+++ DATA +++

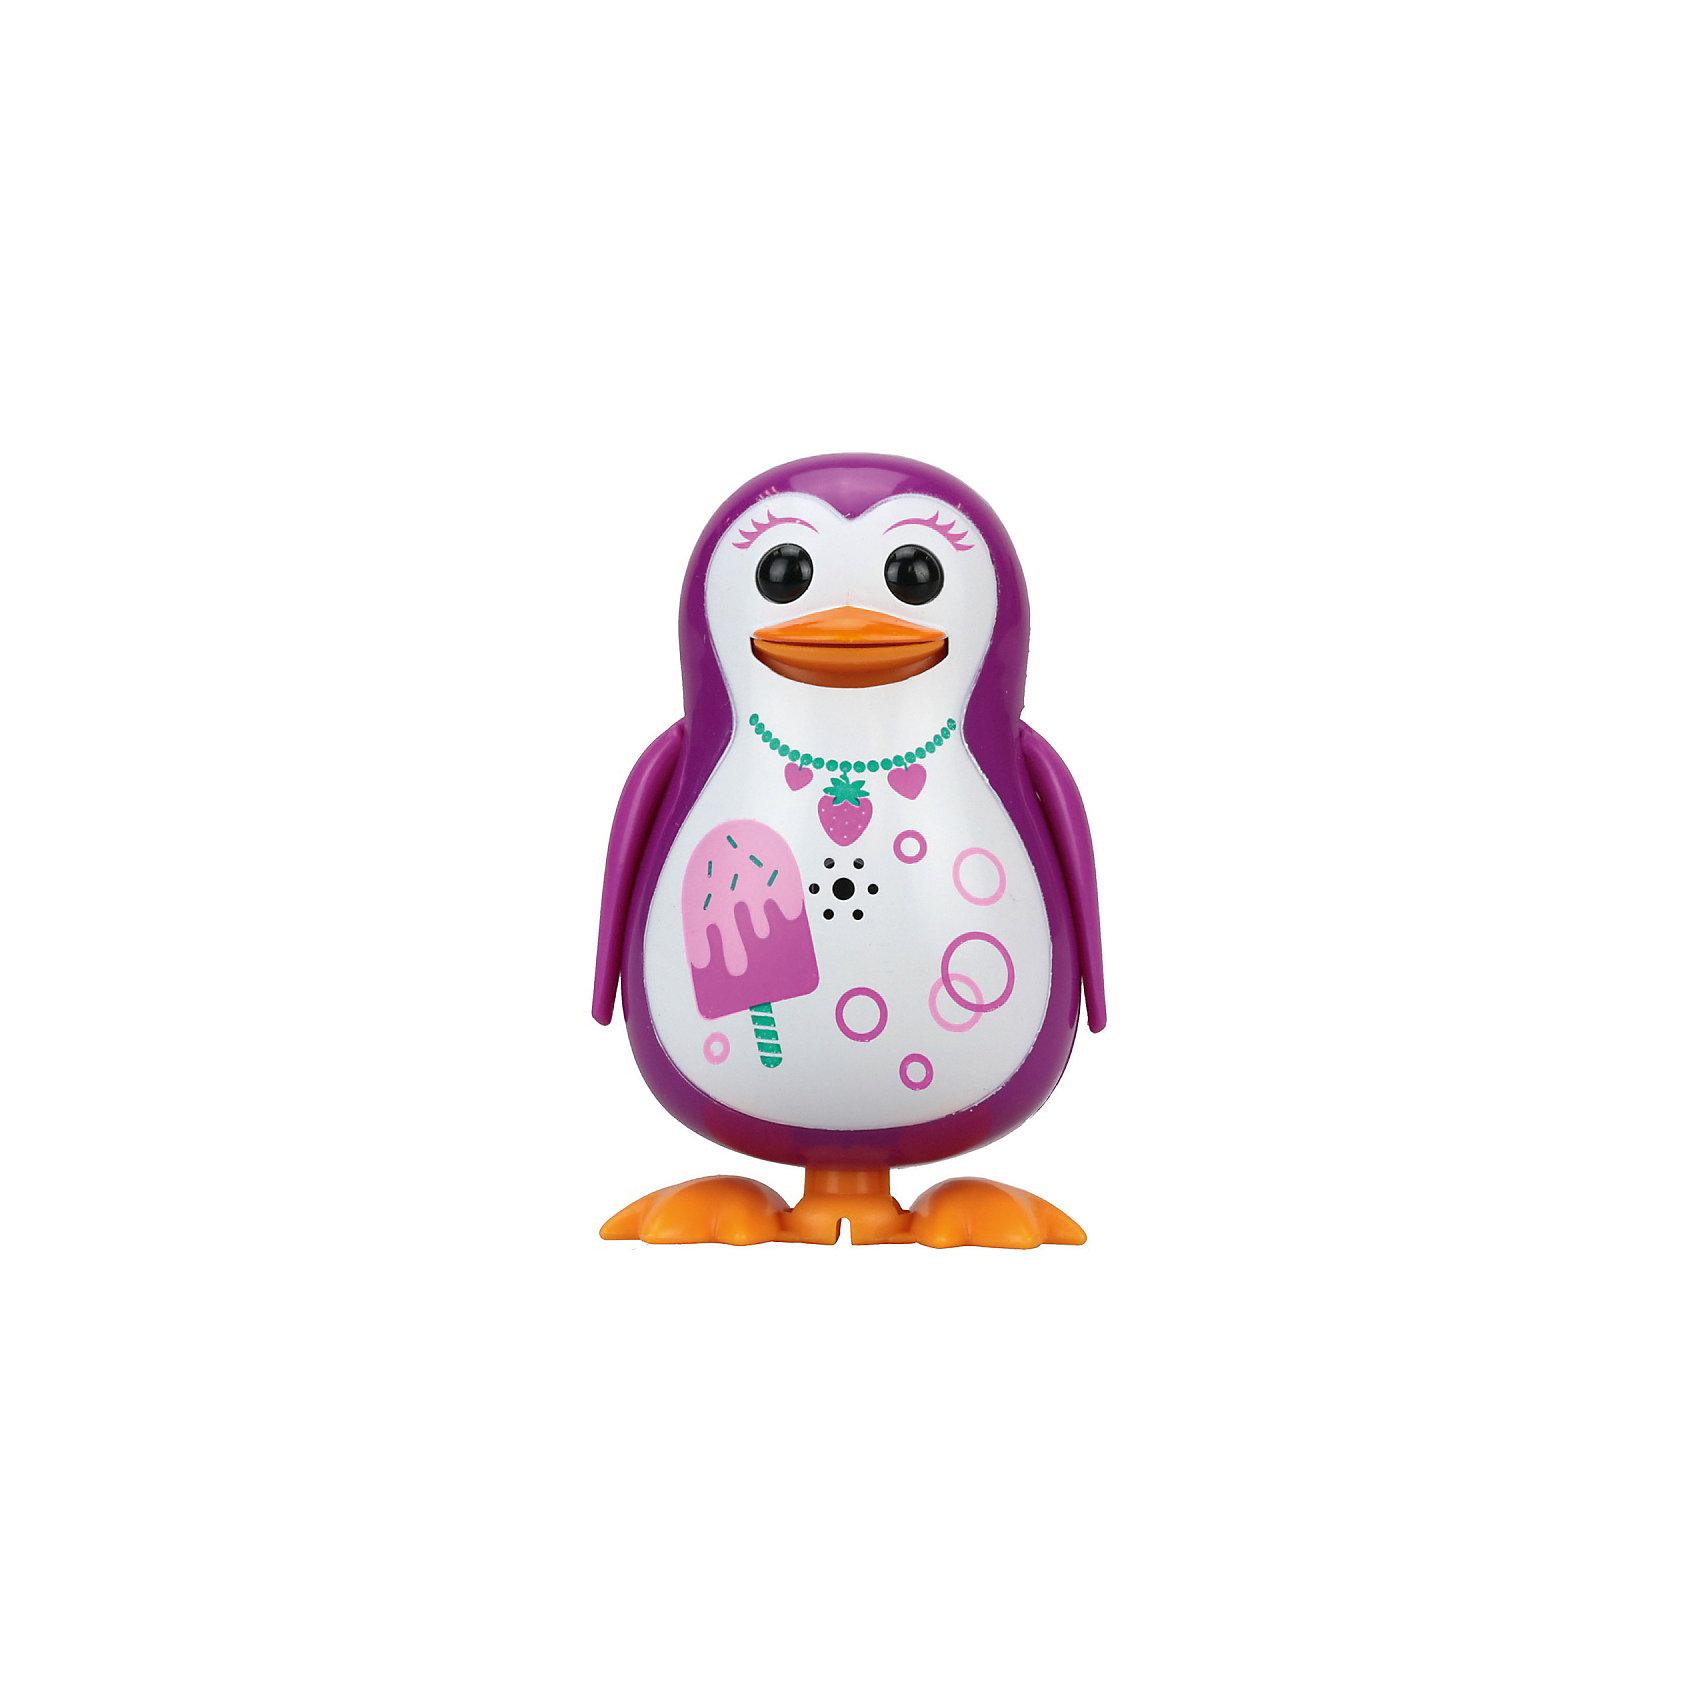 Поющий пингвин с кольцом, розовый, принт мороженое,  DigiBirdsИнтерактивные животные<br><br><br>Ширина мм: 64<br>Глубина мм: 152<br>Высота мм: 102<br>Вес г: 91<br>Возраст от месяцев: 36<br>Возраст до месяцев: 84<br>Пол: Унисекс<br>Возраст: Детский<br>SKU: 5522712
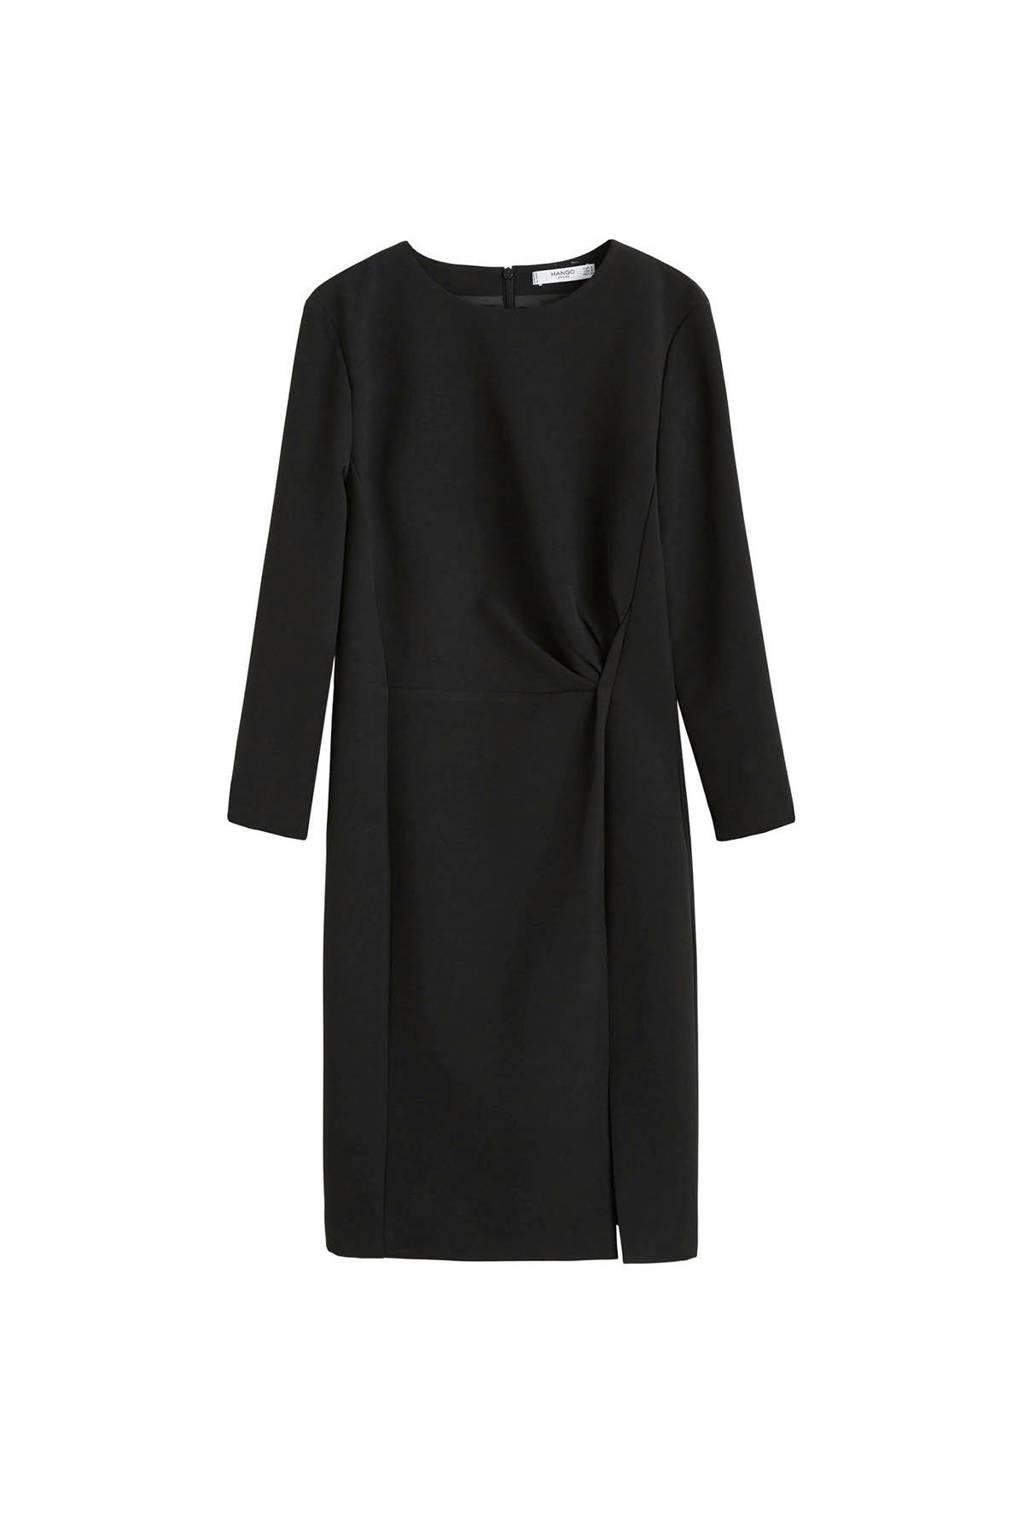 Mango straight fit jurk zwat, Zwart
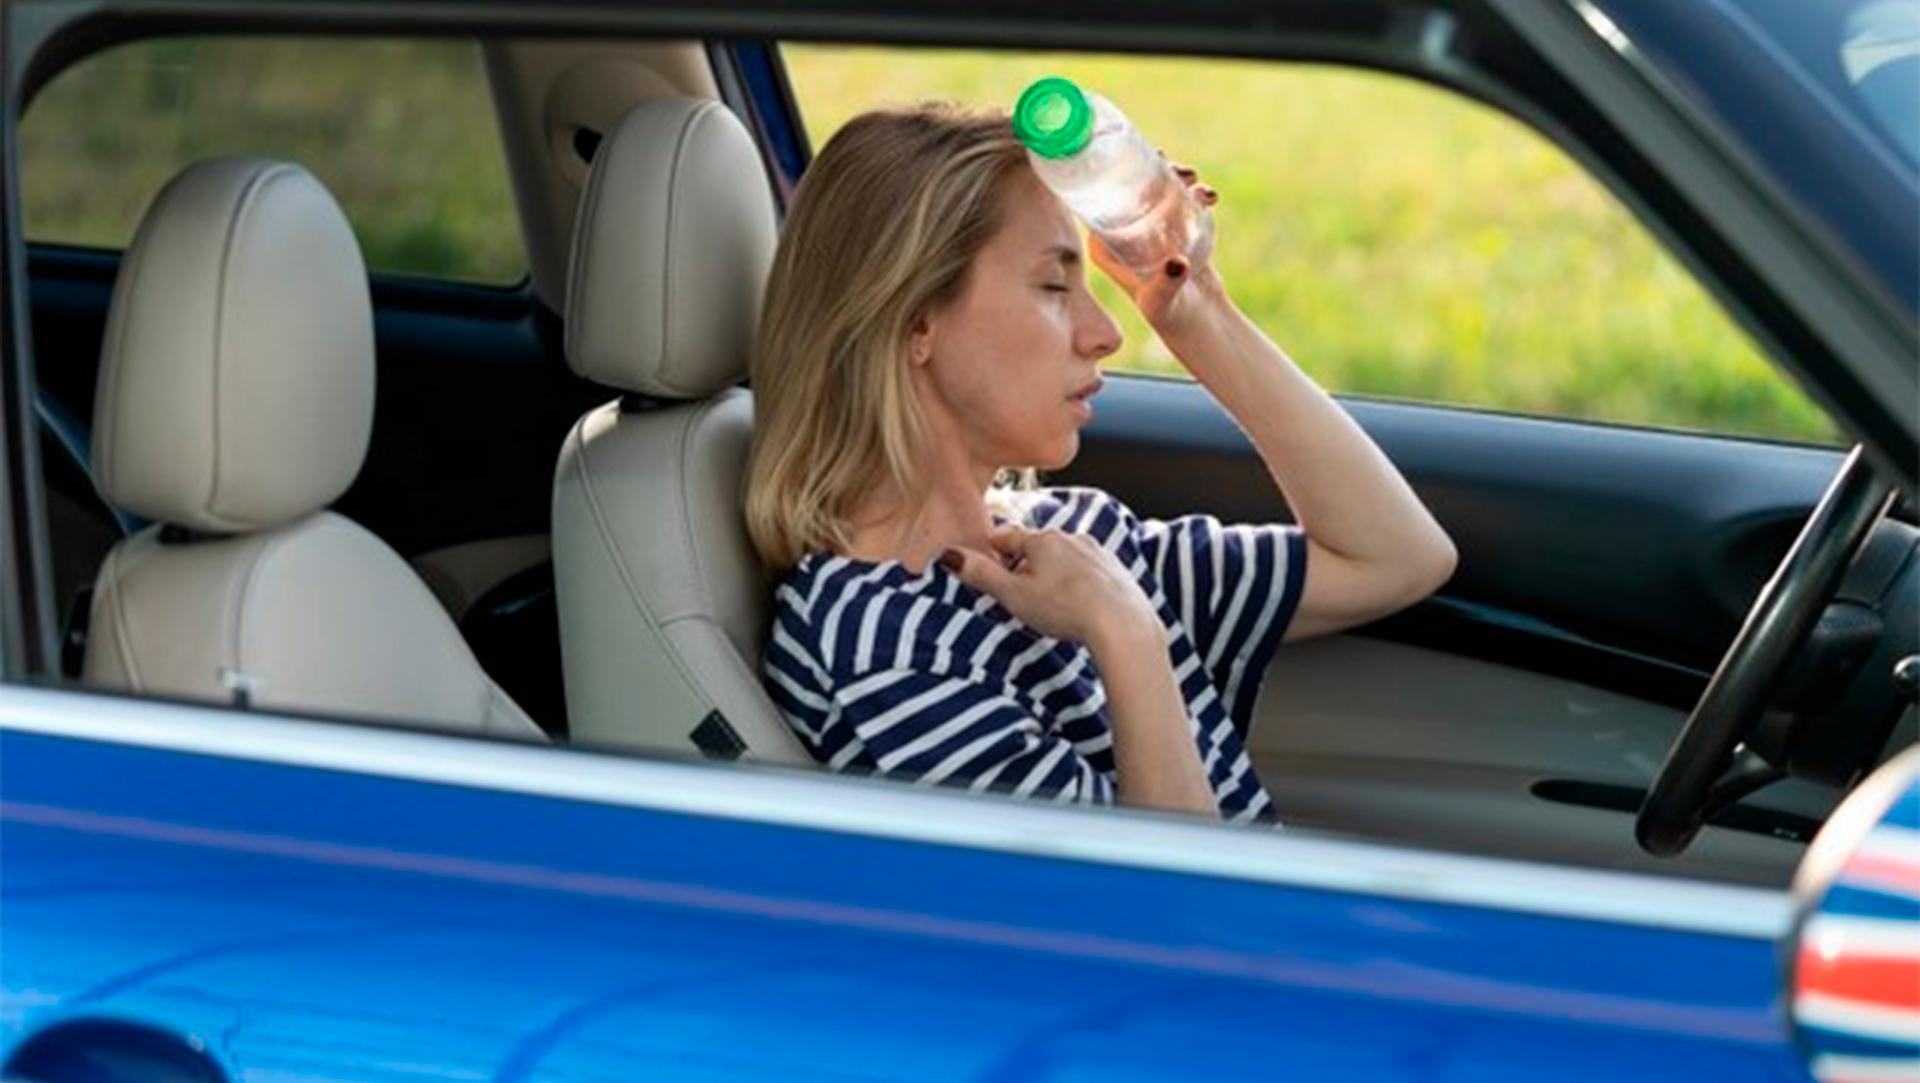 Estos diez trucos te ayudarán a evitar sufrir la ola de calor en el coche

+++

INSTRUCTIONS TO FOLLOW:
Repeat the material above in full and unchanged, minus its images.

ANSWER TO THIS TASK:
 Поющий пингвин с кольцом, розовый, принт мороженое,  DigiBirdsИнтерактивные животные<br><br><br>Ширина мм: 64<br>Глубина мм: 152<br>Высота мм: 102<br>Вес г: 91<br>Возраст от месяцев: 36<br>Возраст до месяцев: 84<br>Пол: Унисекс<br>Возраст: Детский<br>SKU: 5522712
 Mango straight fit jurk zwat, Zwart
 Estos diez trucos te ayudarán a evitar sufrir la ola de calor en el coche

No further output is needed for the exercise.